• COLLECTED MATERIAL
+--
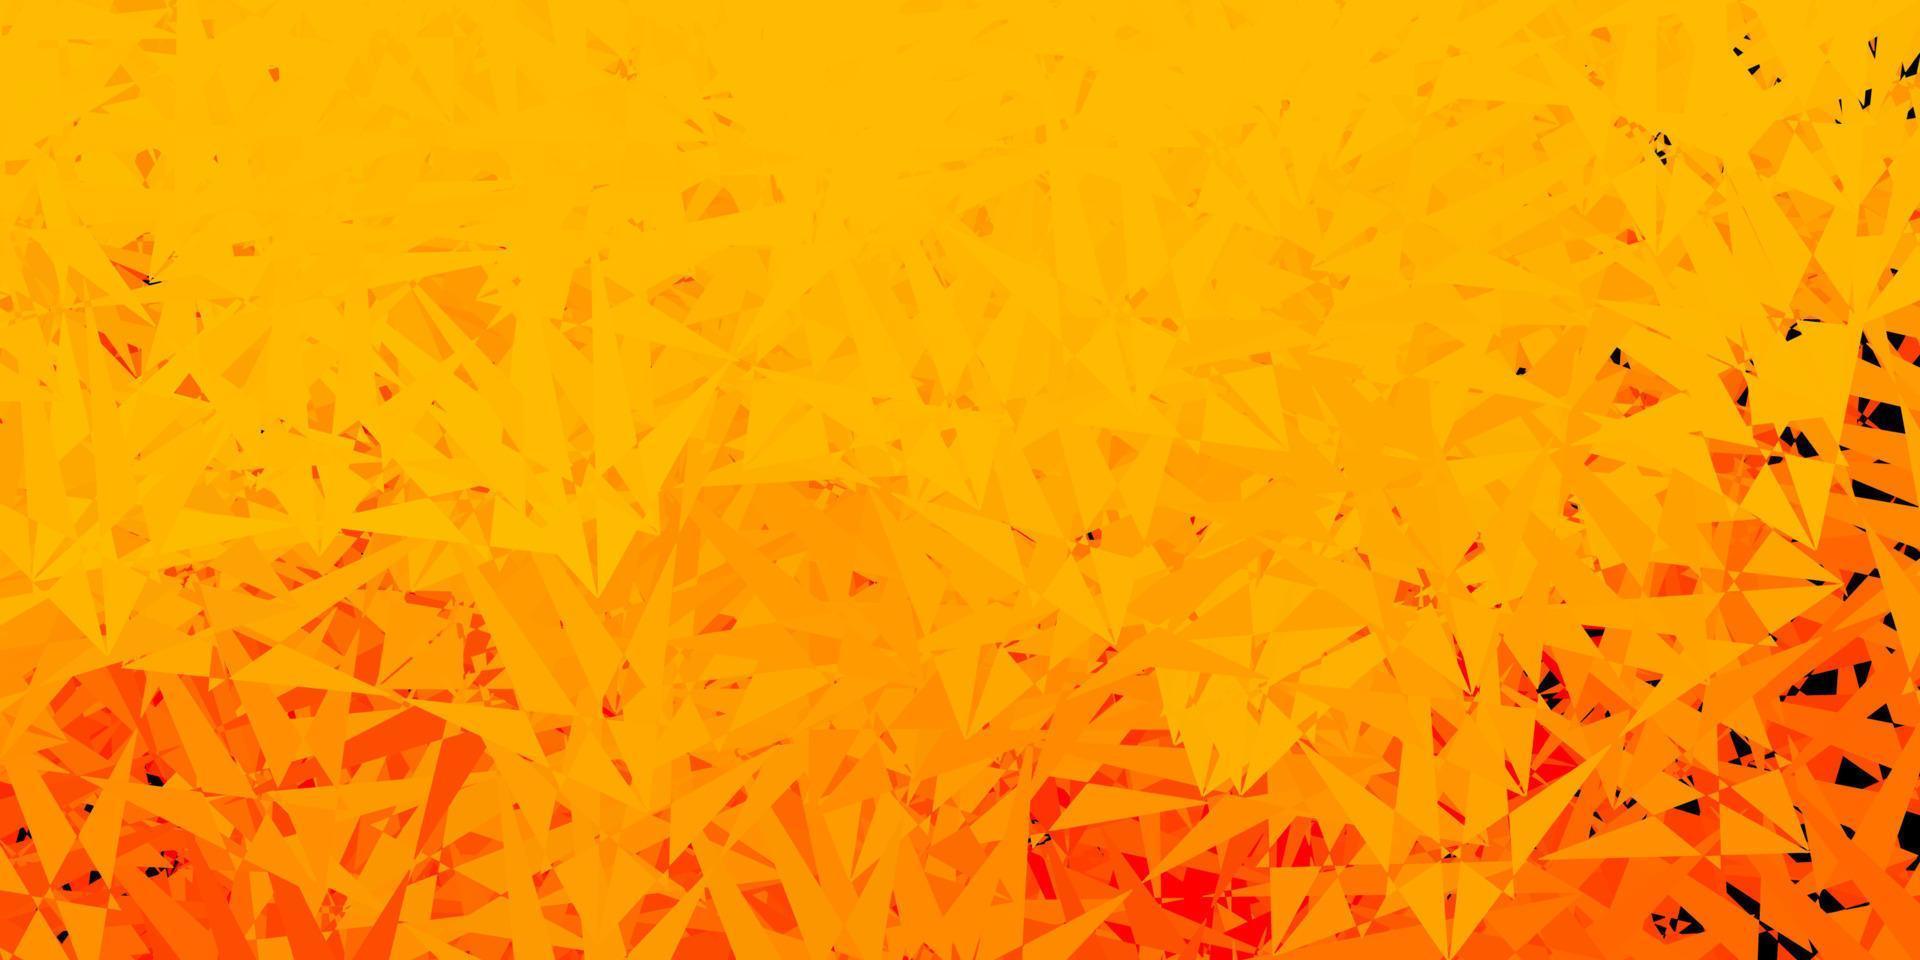 textura de vector naranja claro con triángulos al azar.
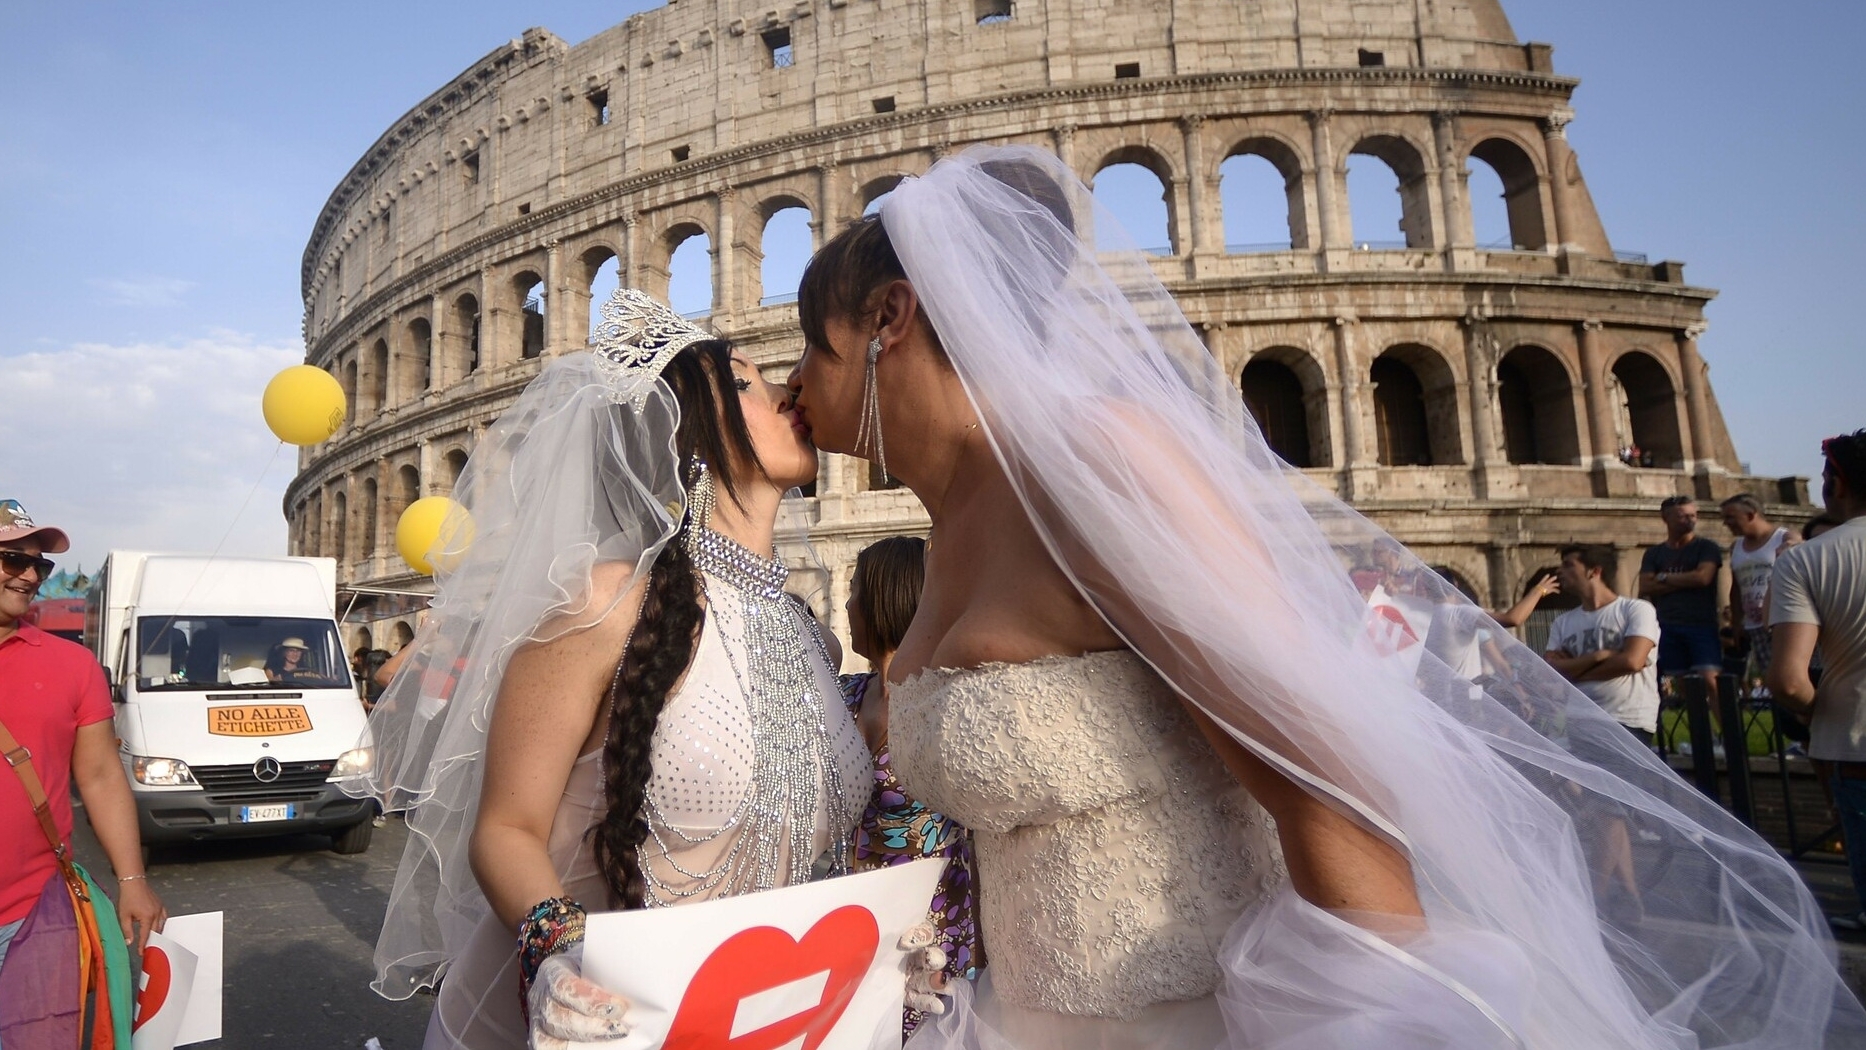 Італійцям не дозволяють реєструвати іноземні свідоцтва про народження дітей, народжених в одностатевих шлюбах
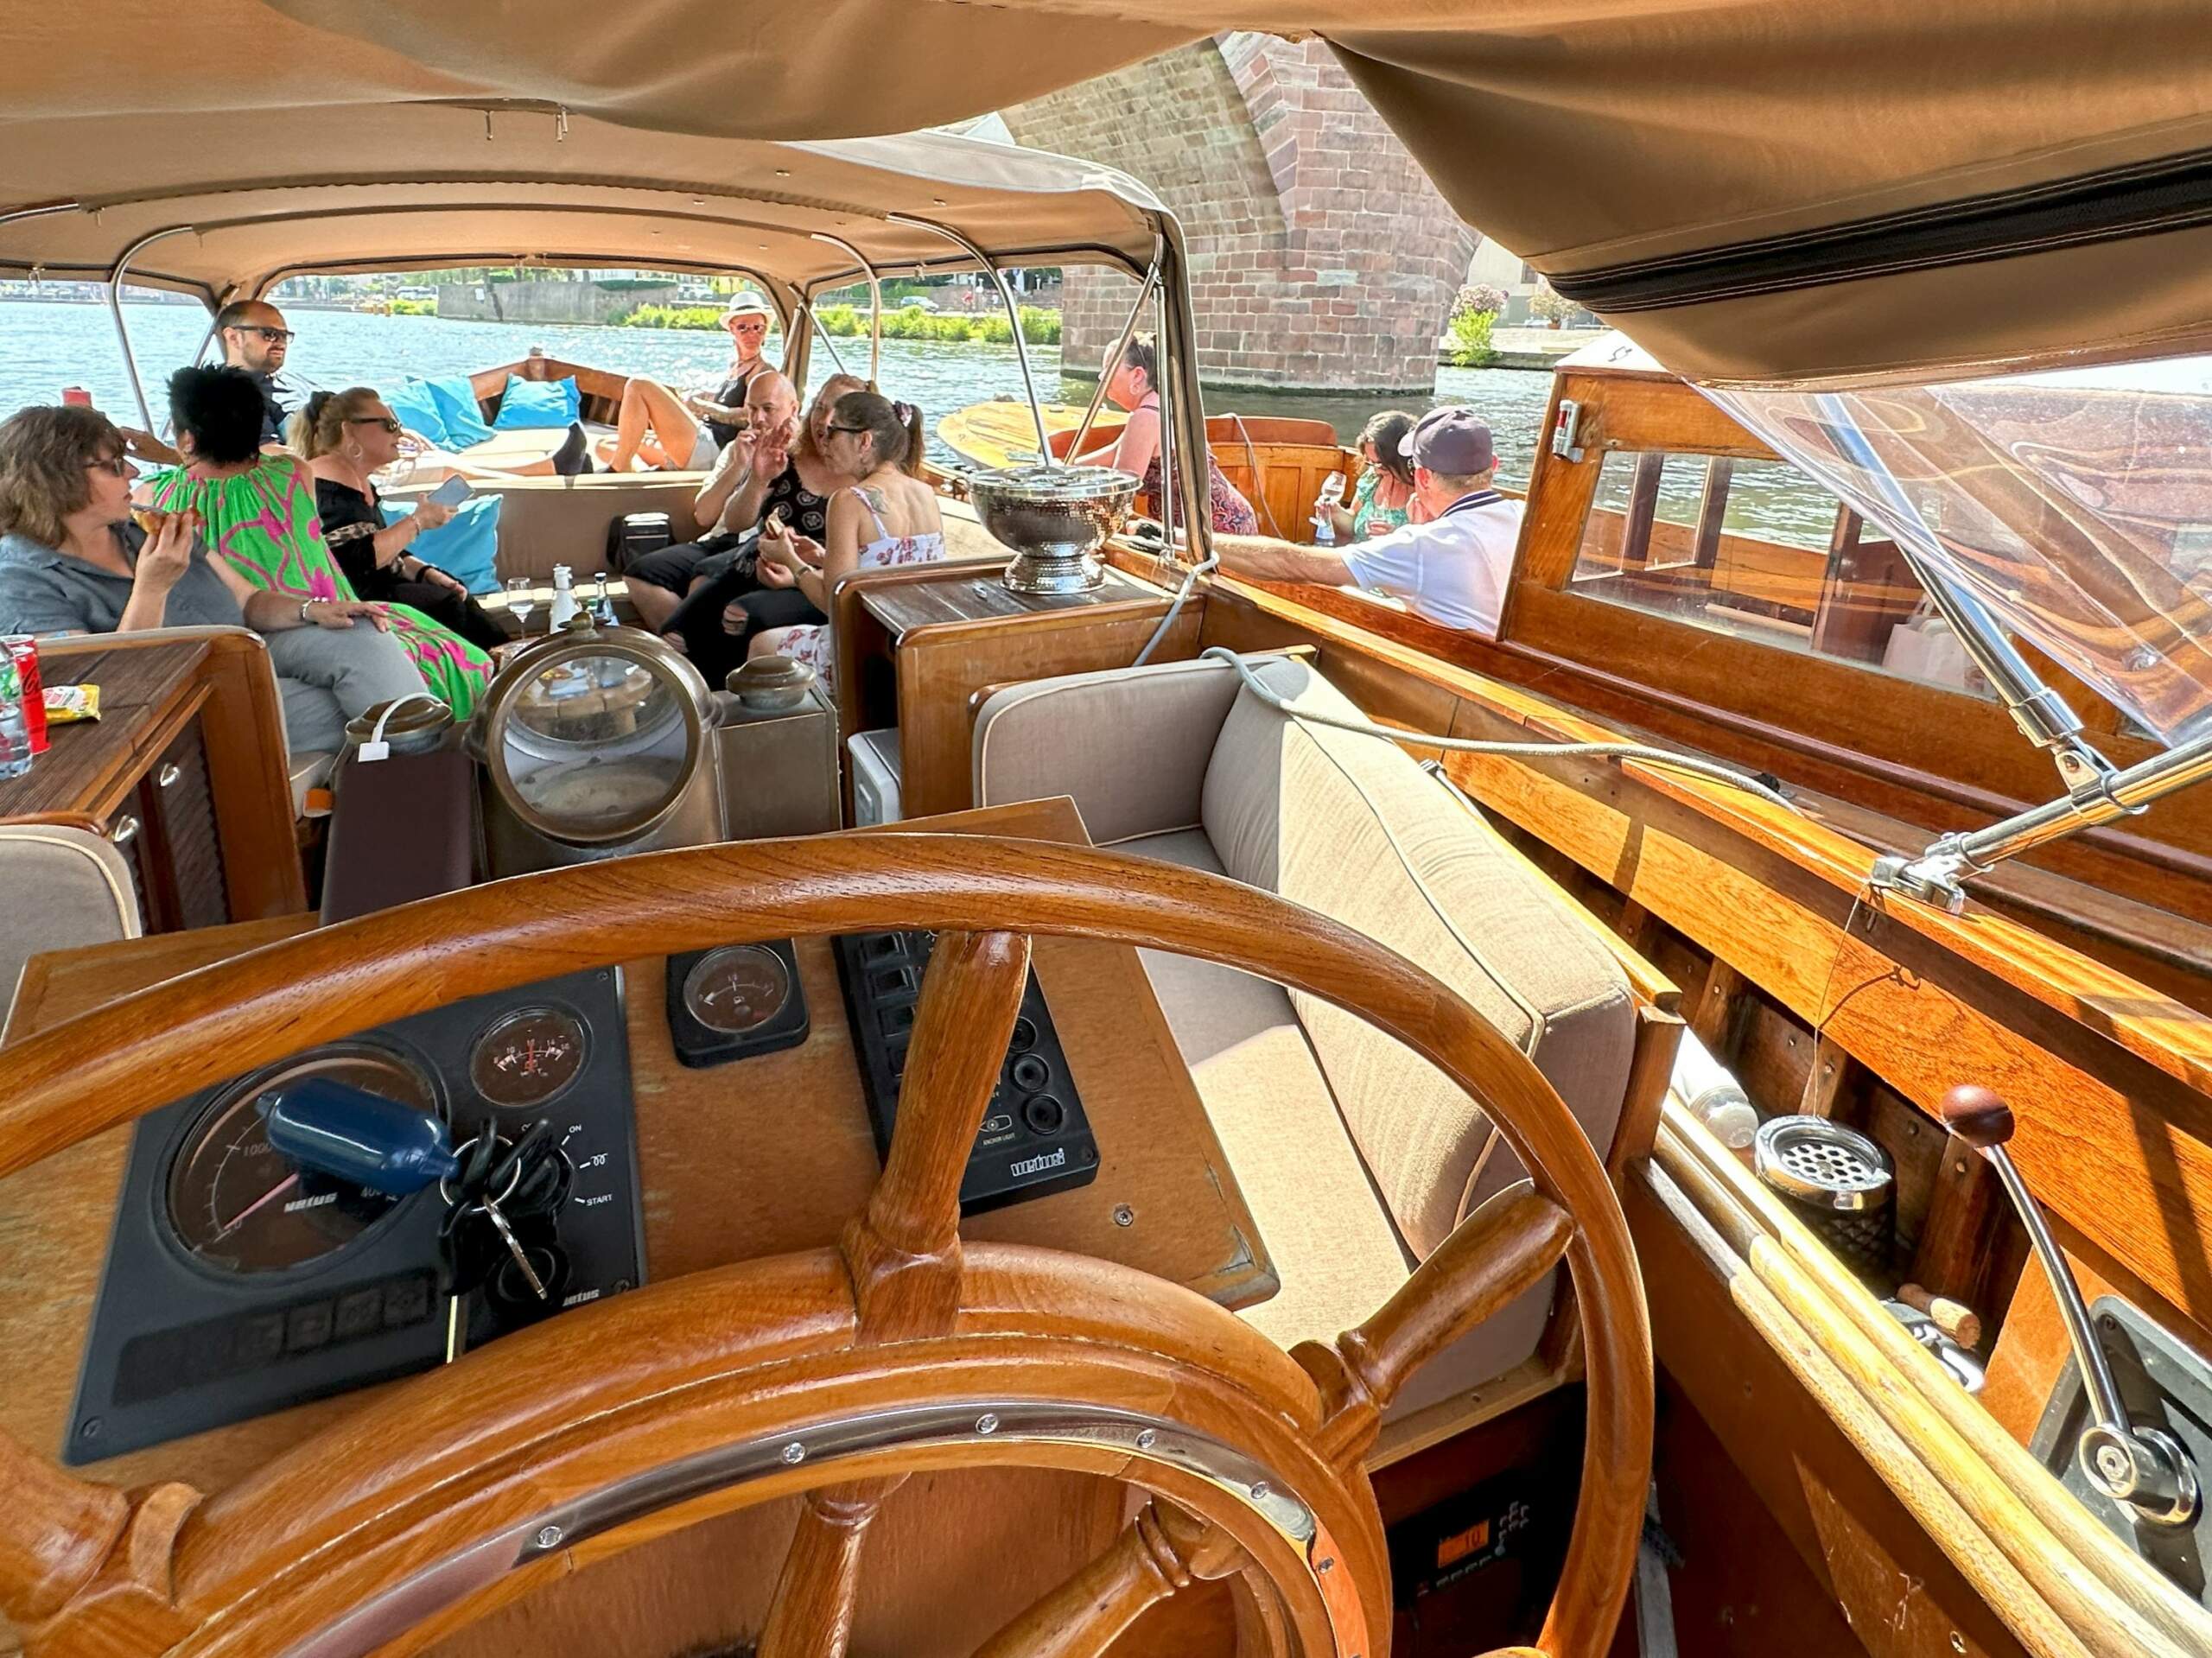 Eine Gruppe Touristen beim Sightseeing mit City Guide und Wein an Bord des Boots von Riverboat vom Steuerrad aus gesehen
+--
• WHAT YOU NEED TO DO
Take the preceding listing and transcribe it exactly, skipping the pictures.

• SOLUTION TO THE EXERCISE
 textura de vector naranja claro con triángulos al azar.
 Італійцям не дозволяють реєструвати іноземні свідоцтва про народження дітей, народжених в одностатевих шлюбах
 Eine Gruppe Touristen beim Sightseeing mit City Guide und Wein an Bord des Boots von Riverboat vom Steuerrad aus gesehen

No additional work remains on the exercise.